▶ **TASK DESCRIPTION**: Set down a true copy of the data, with all pictures left out.

▶ **PROVIDED DATA**:
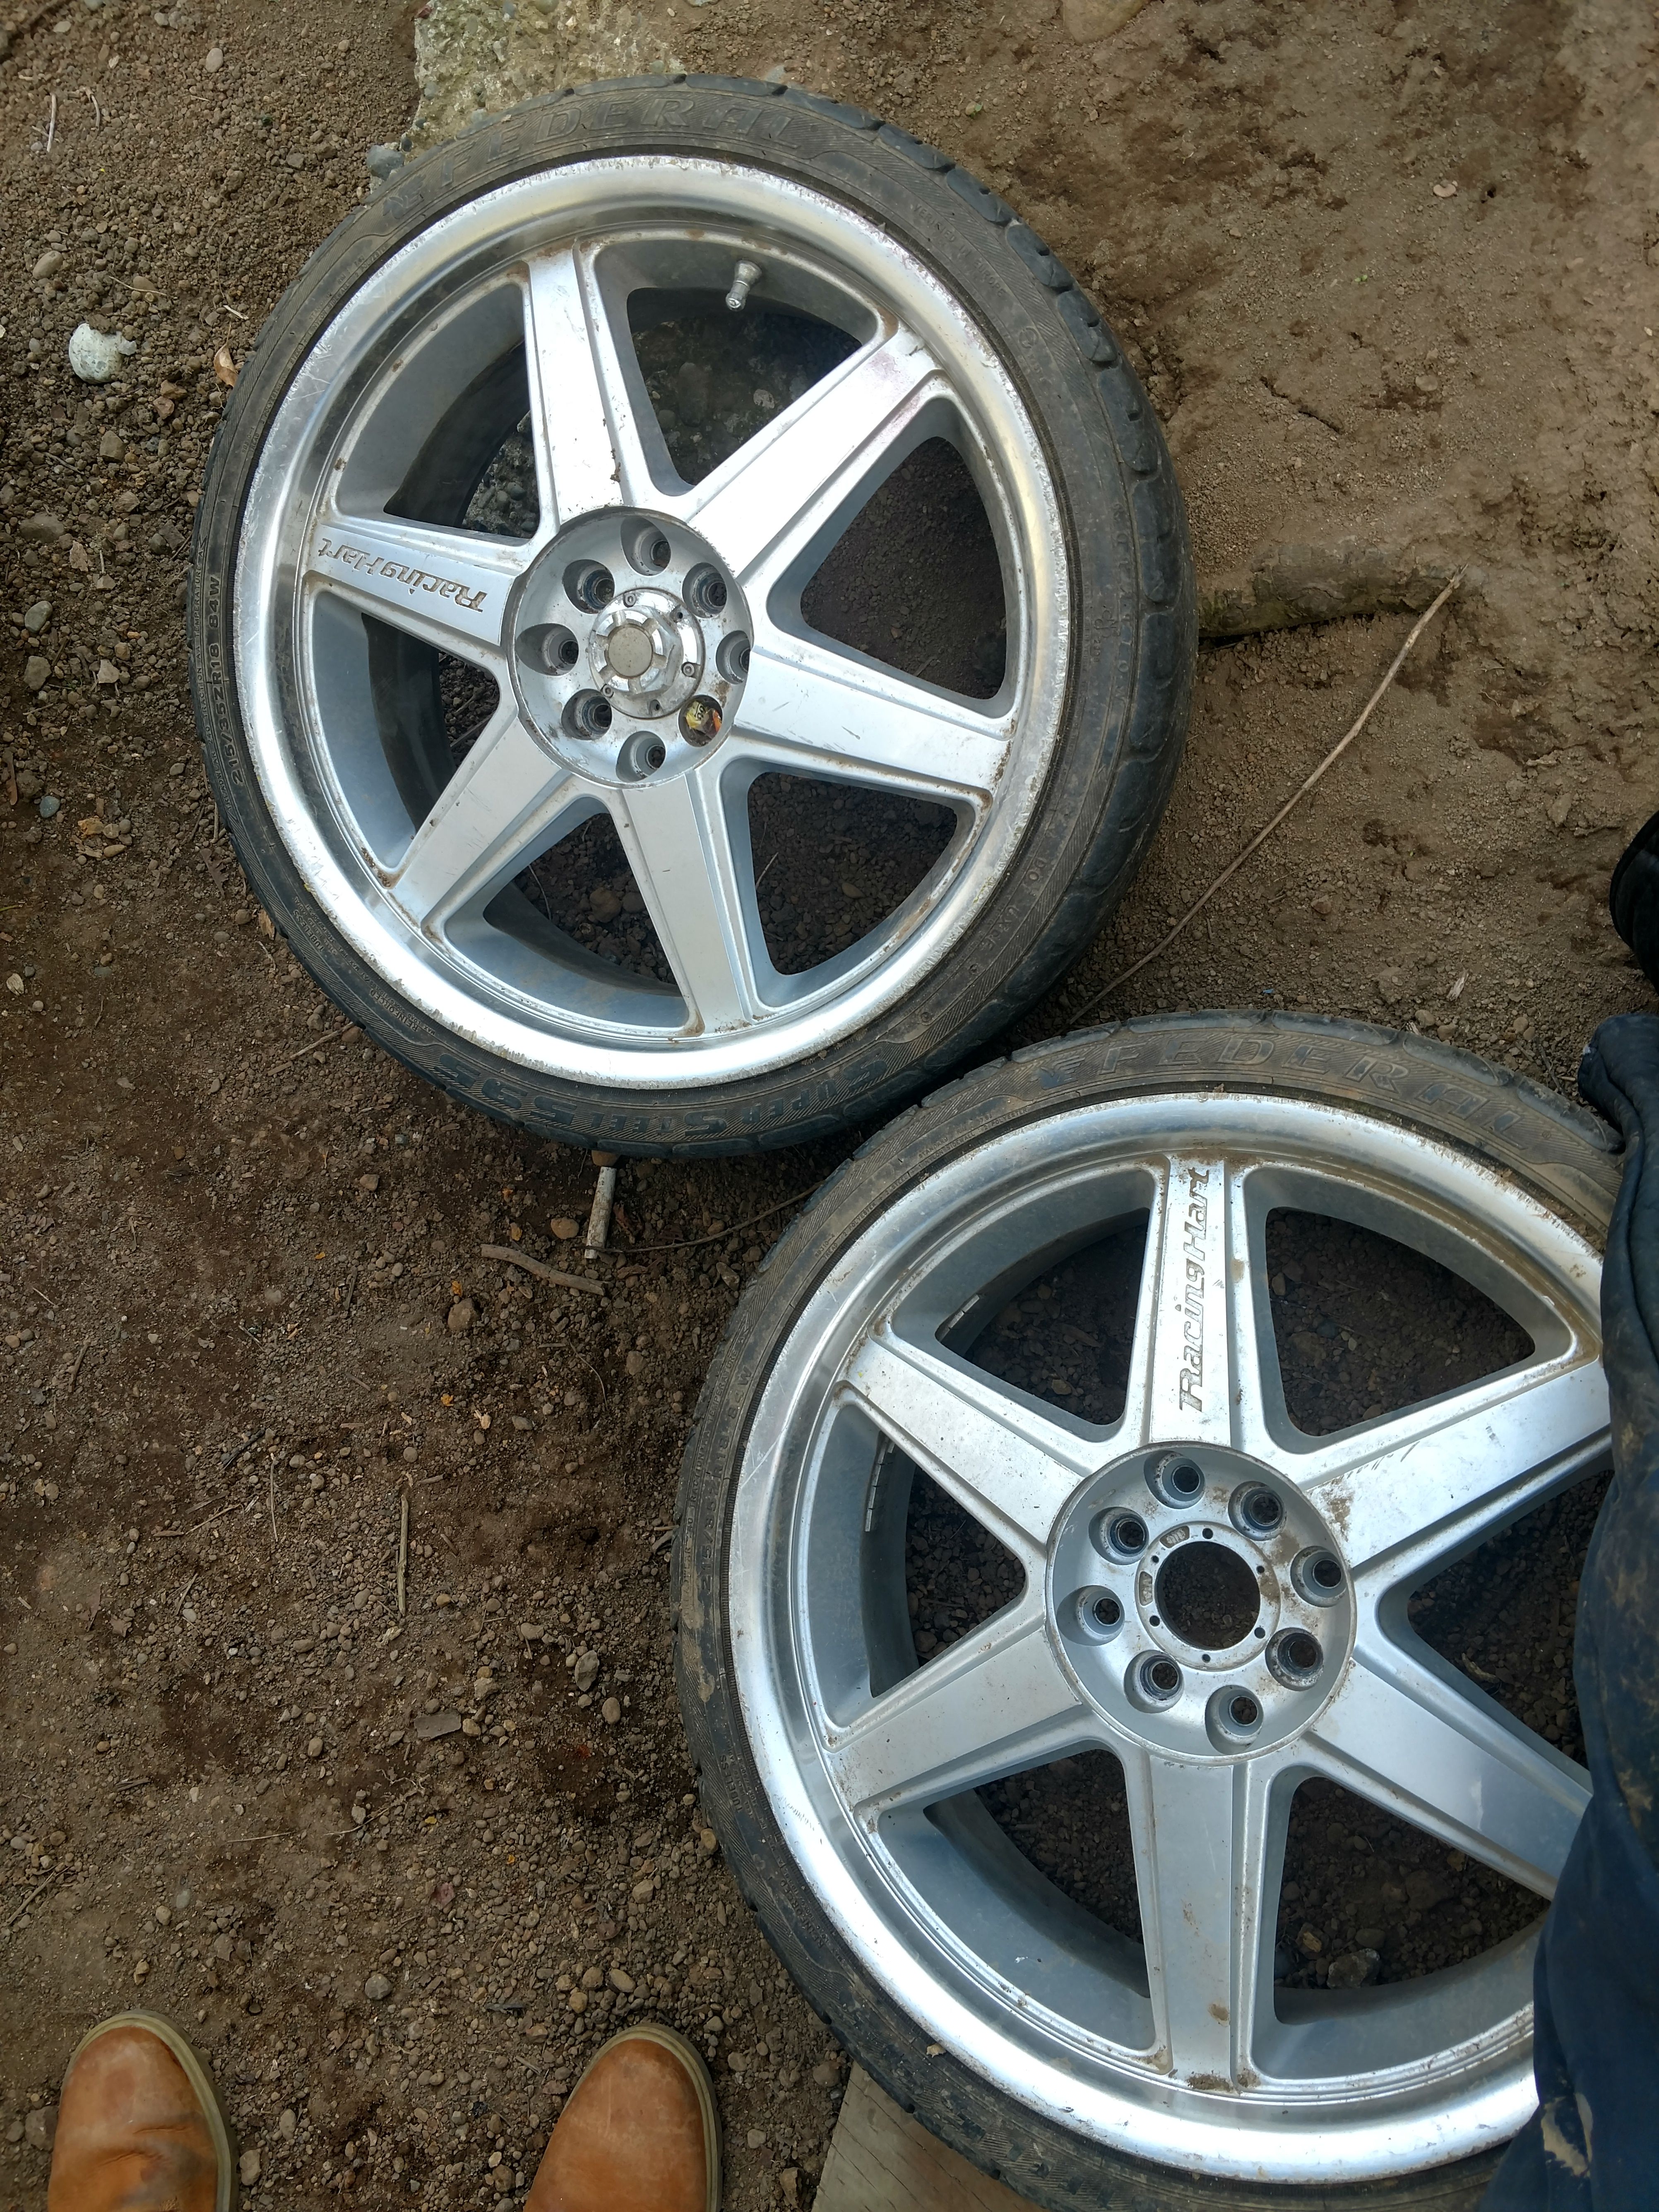 215/35zr18 84w 2-low profile tires & rims fit Honda/Acura decent tread tires/rims no problems or punctures/patches
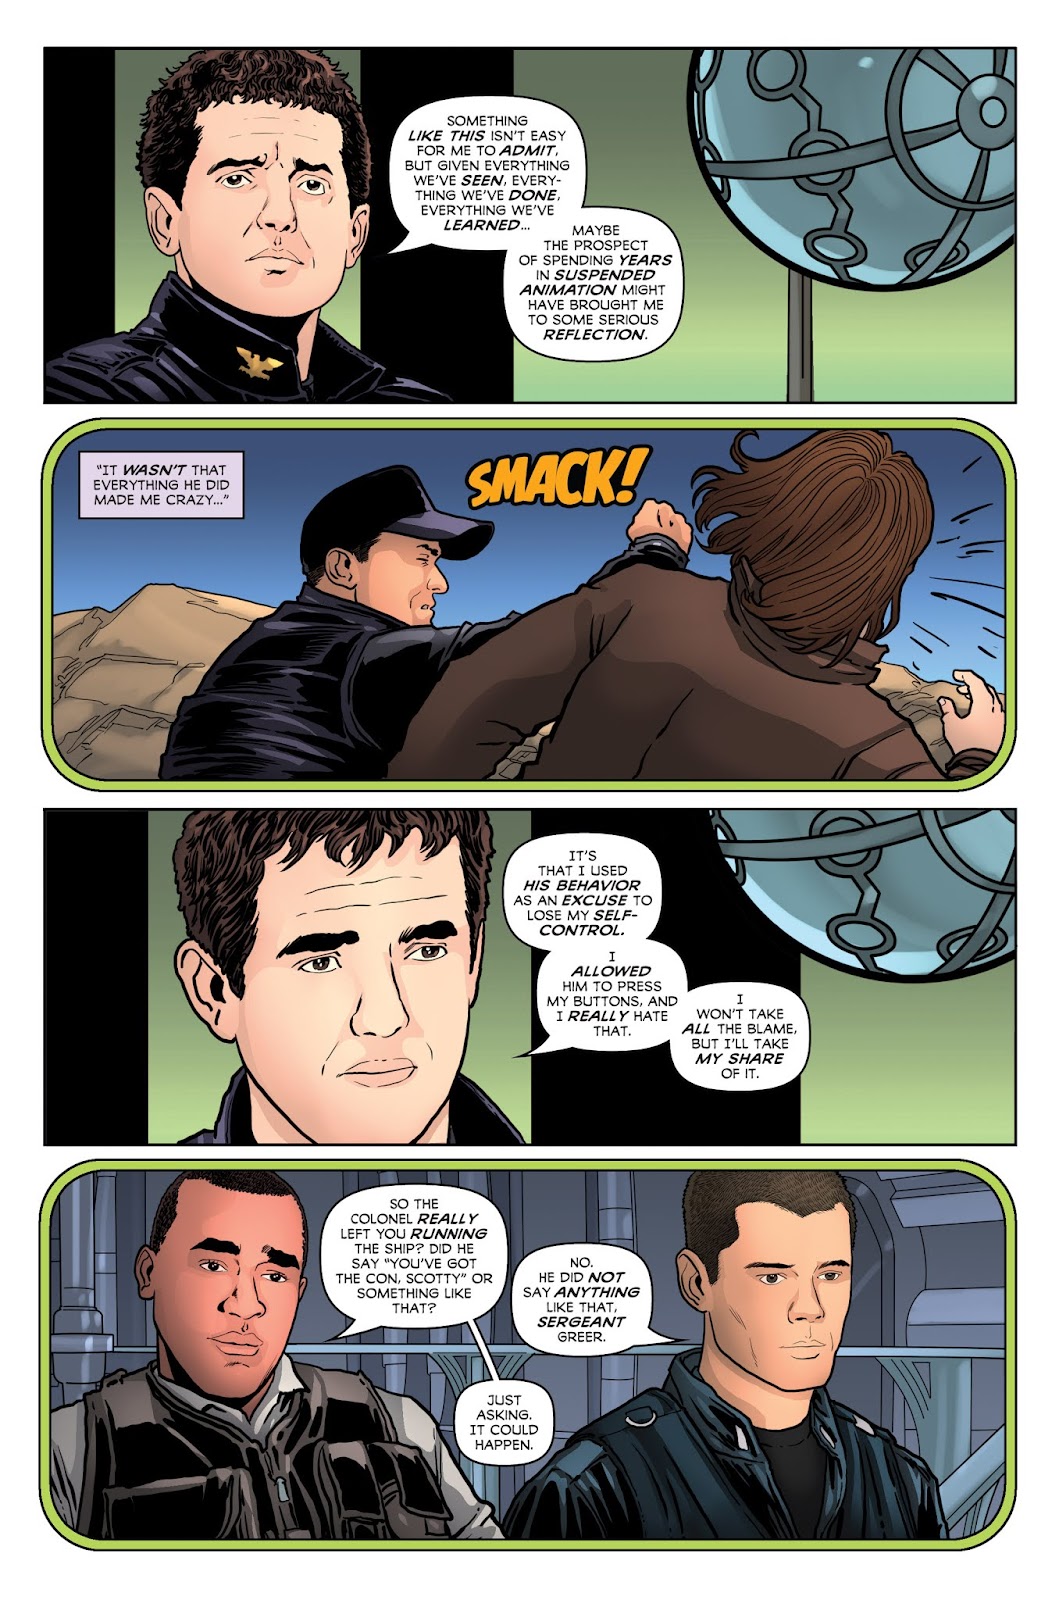 Stargate Atlantis/Stargate issue 2 - Page 8
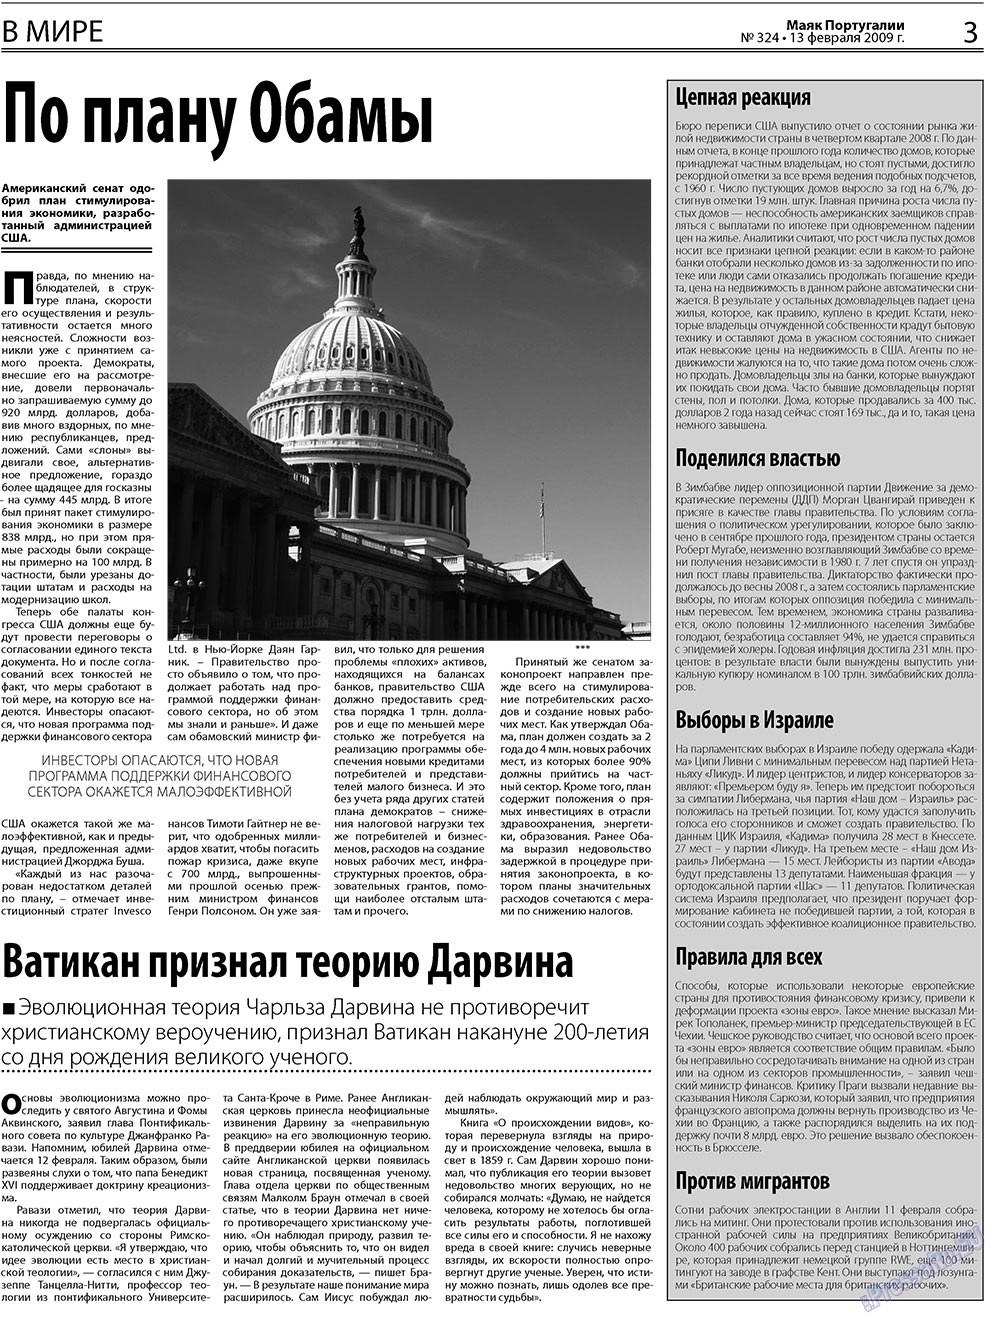 Маяк Португалии, газета. 2009 №7 стр.3

▶ **RESPONSE AREA**:
 215/35zr18 84w 2-low profile tires & rims fit Honda/Acura decent tread tires/rims no problems or punctures/patches
 Stargate Atlantis/Stargate issue 2 - Page 8
 Маяк Португалии, газета. 2009 №7 стр.3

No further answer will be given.